When Bernard Baruch died in 1965, they found among his papers a memo to himself dated 1930:
PERSONAL EQUIPMENT
SELF-RELIANCE: Do your own thinking. Don't let your emotions enter into it. Keep out of any environment that may affect your acting on your reasion.
JUDGMENT: Consider all the facts - meditate on them. Don't let what you want to happen influence your judgment.
COURAGE: Don't overestimate the courage you will have if things go against you.
ALERTNESS: To discover any new facts that change the situation; or which may affect public opinion.
PRUDENCE: Be pliable or you wont be prudent. Become more humble as the market goes your way. It is not prudent to buy when you think the bottom has been reached. It is better to wait and see, and buy too late.
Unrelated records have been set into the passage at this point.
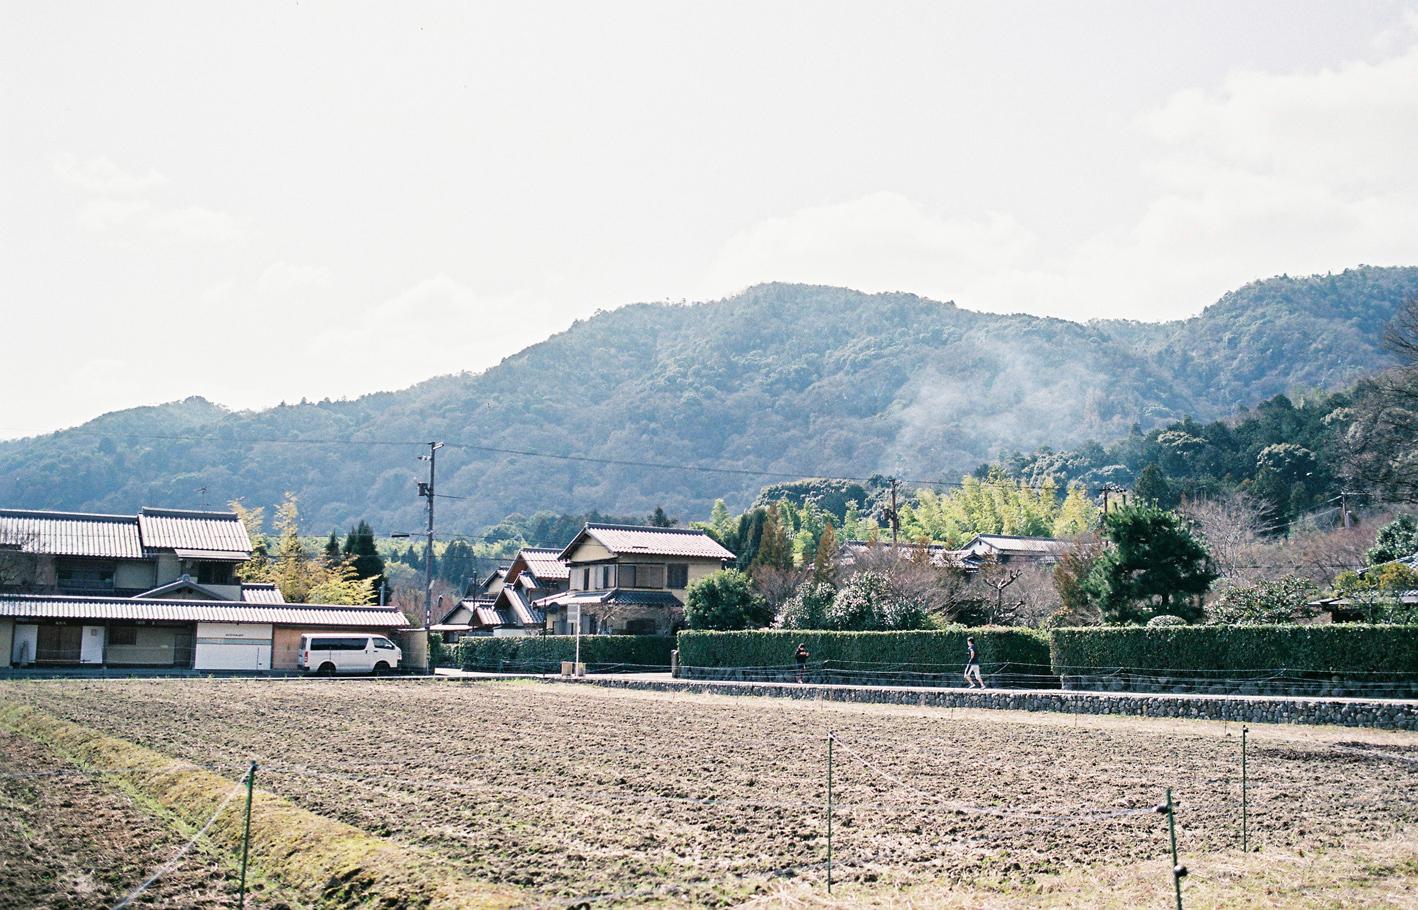 012-kyoto-arashiyama-sophie-baker-photography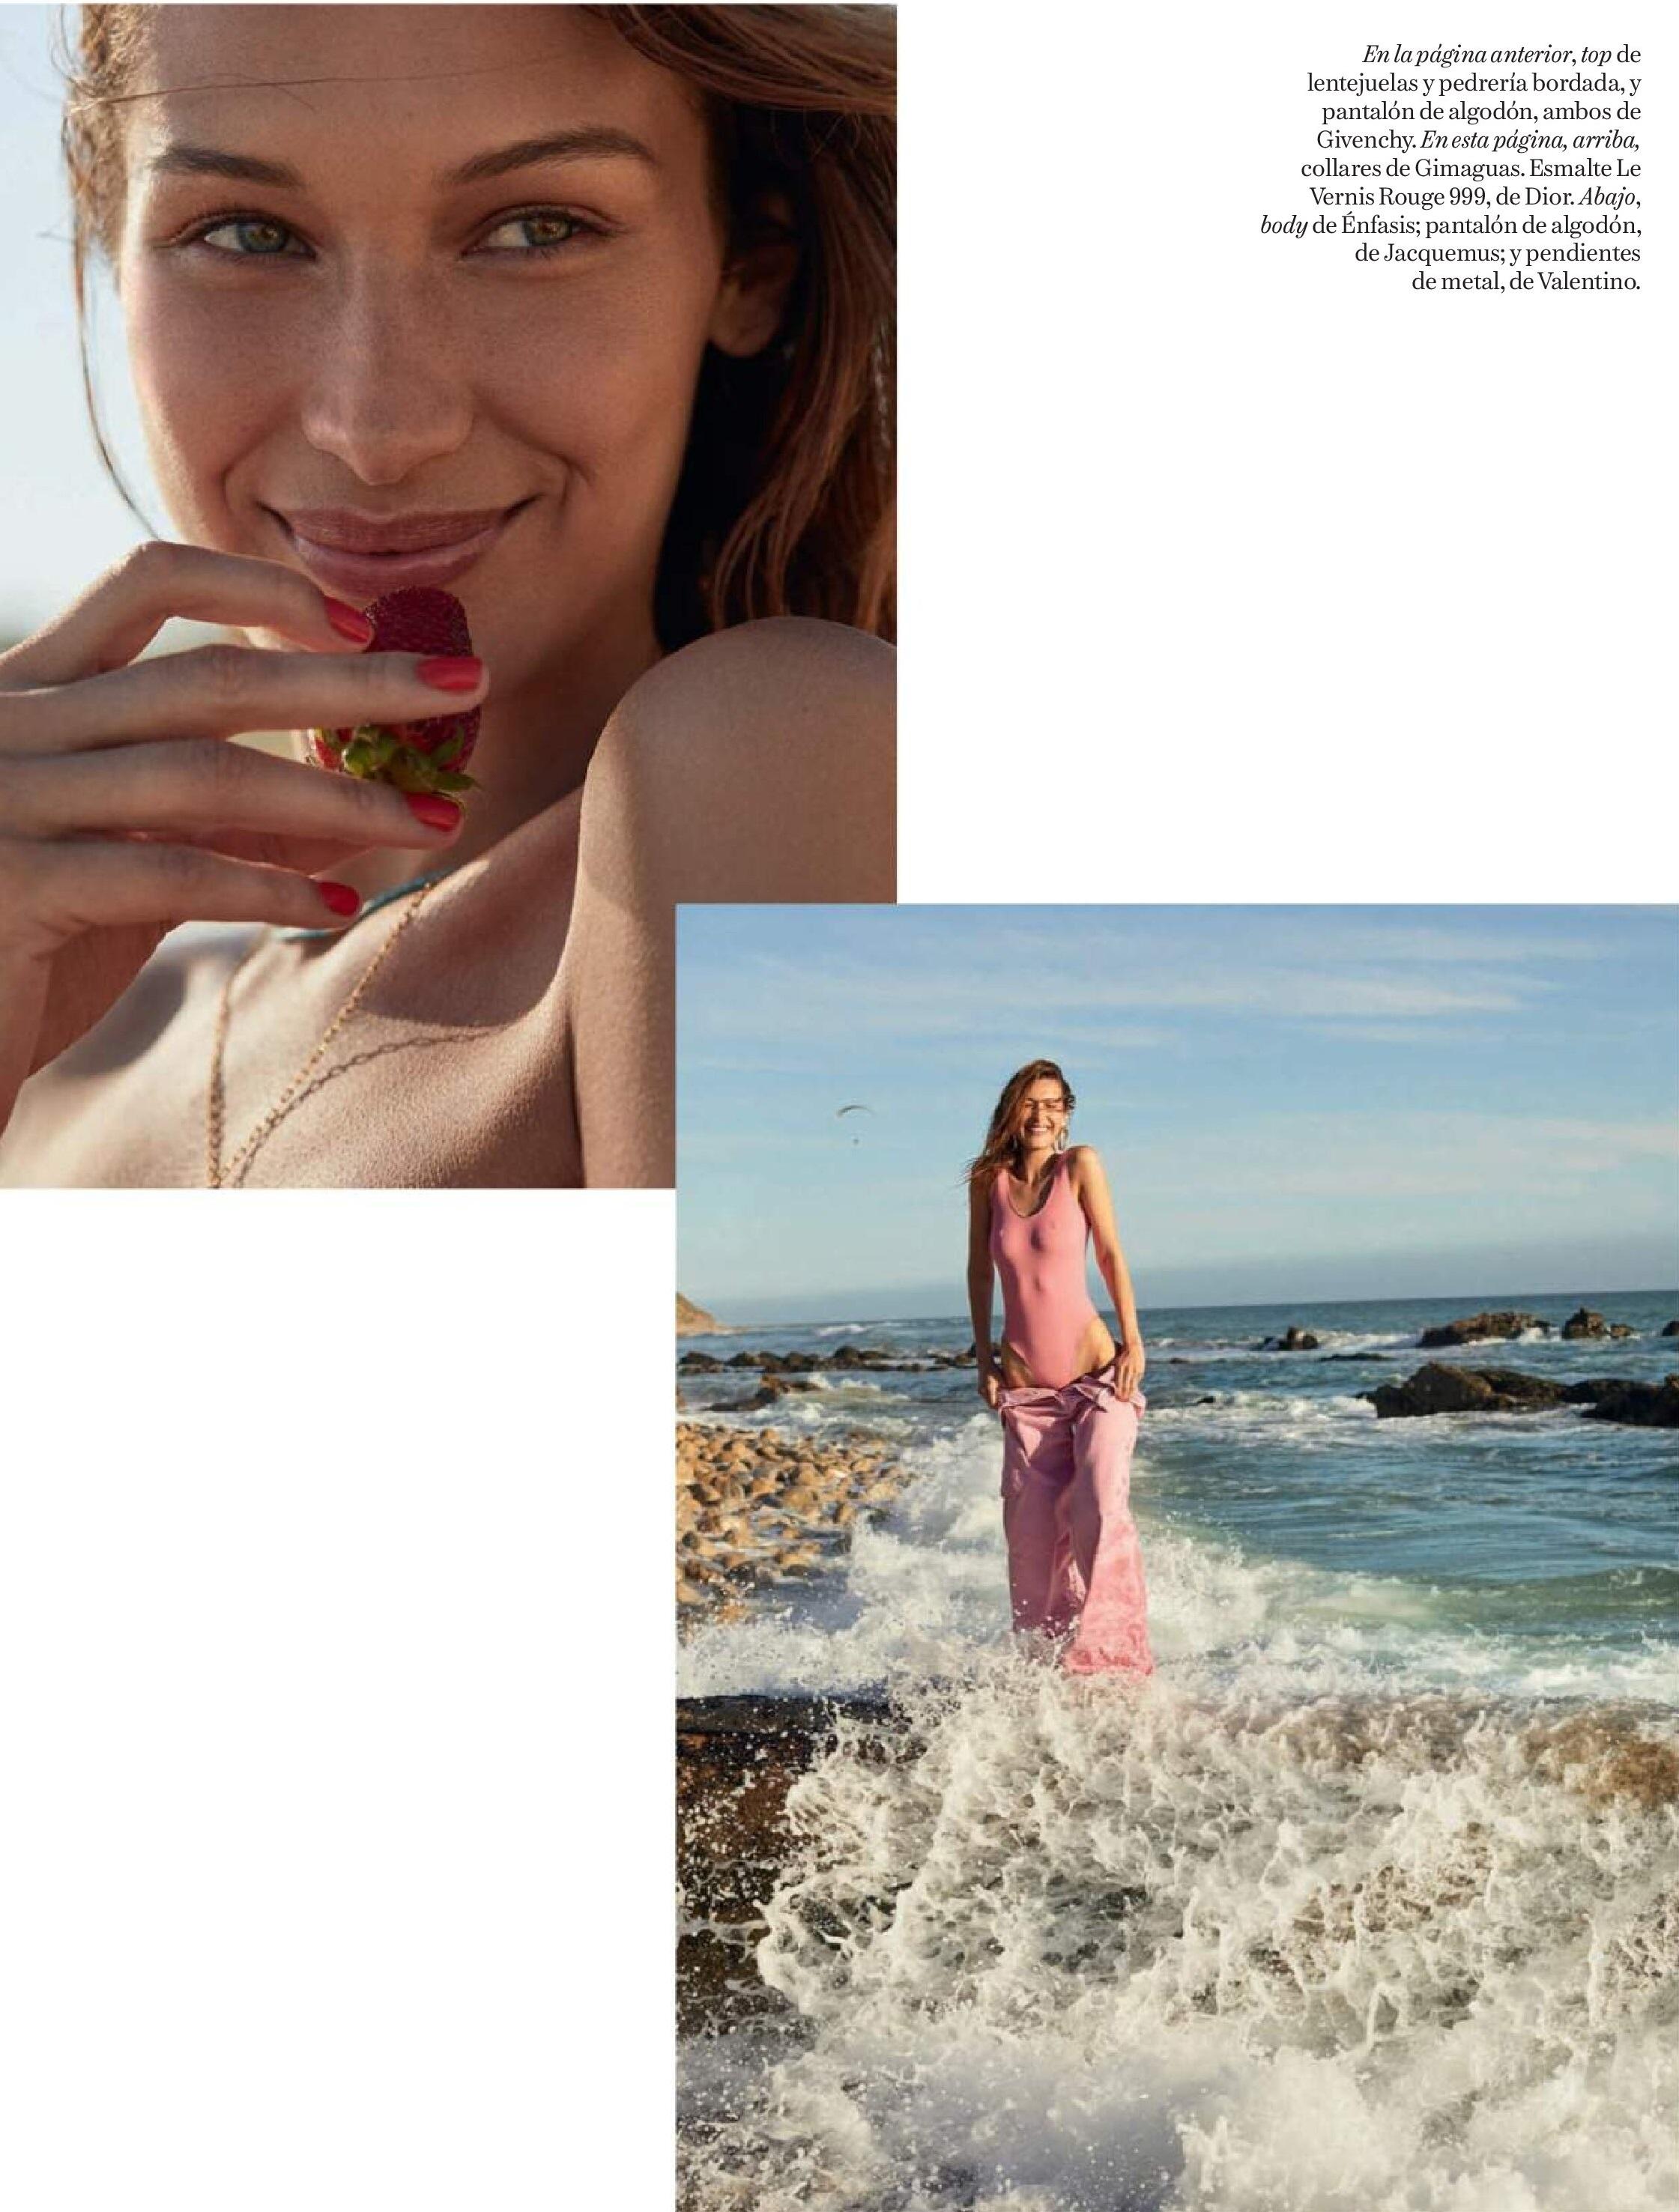 Bella Hadid by Zoey Grossman for Vogue Spain June 2019 (13).jpg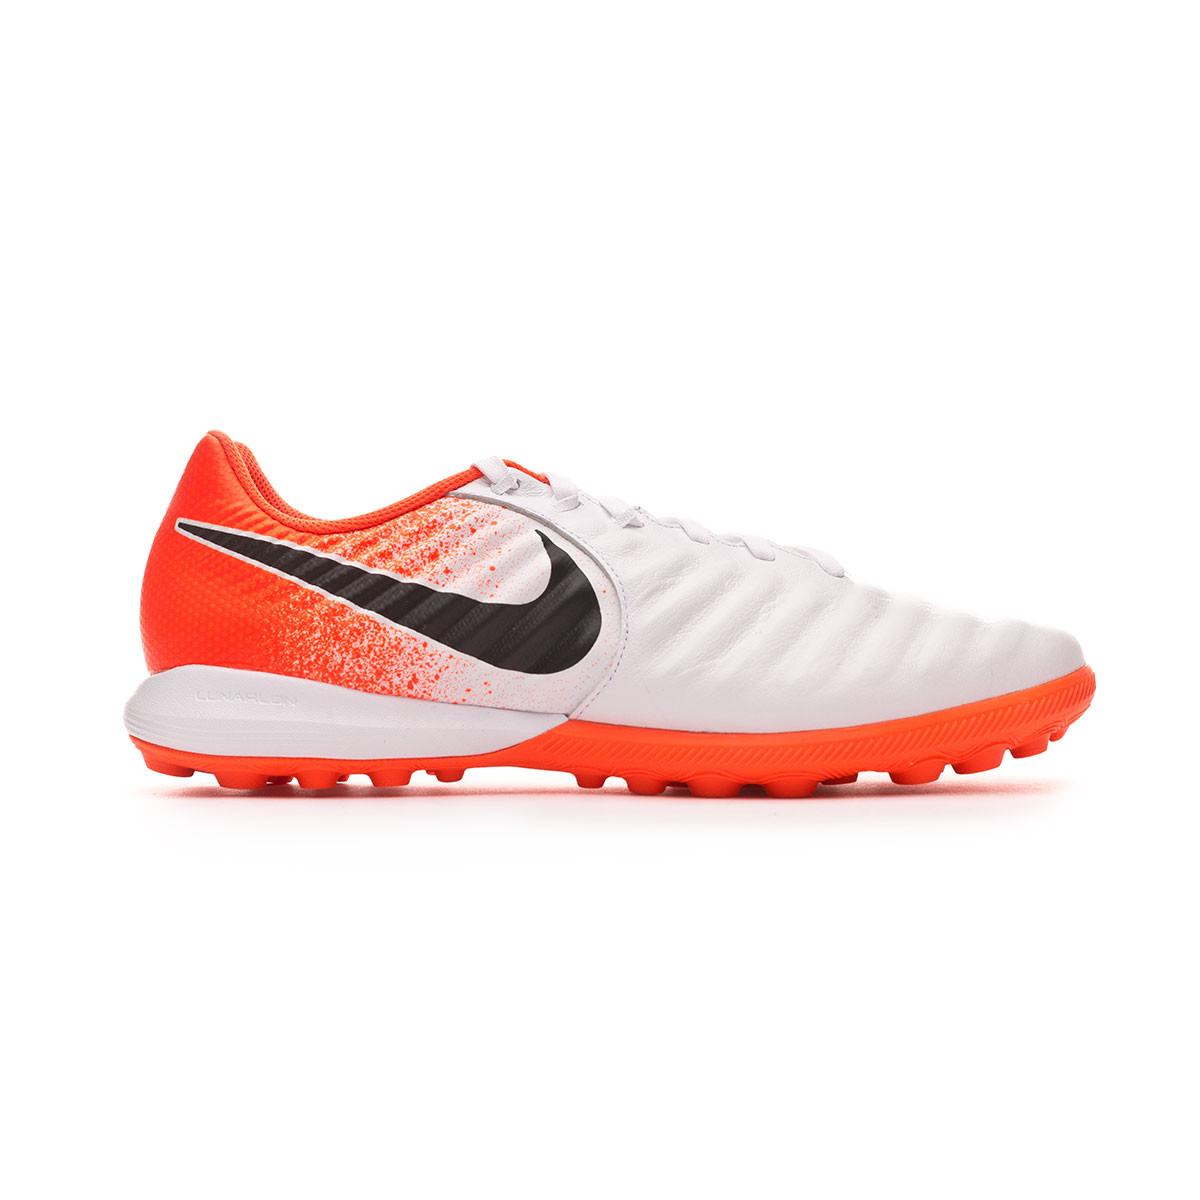 c74770d97b3 Football Boot Nike Lunar LegendX 7 Pro Turf White-Black-Hyper crimson -  Football store Fútbol Emotion

It is not prudent to wait for the top of the market to sell - it is better to sell "too soon". (Never buy so that your margin will be less than 85, or hold if it drops below 80. In a particularly "clear sky" situation with(out) "buts" or "ifs", one can lower these margins to 80-75%).
PLIABILITY: Consider and reconsider the facts, and your opinions. Stubbornness as to opinions - "cockiness" - must be entirely eliminated. A determination to make a certain amount within a certain time absolutely destroys pliability. When you decide, act promtly - don't wait to see what the market will do.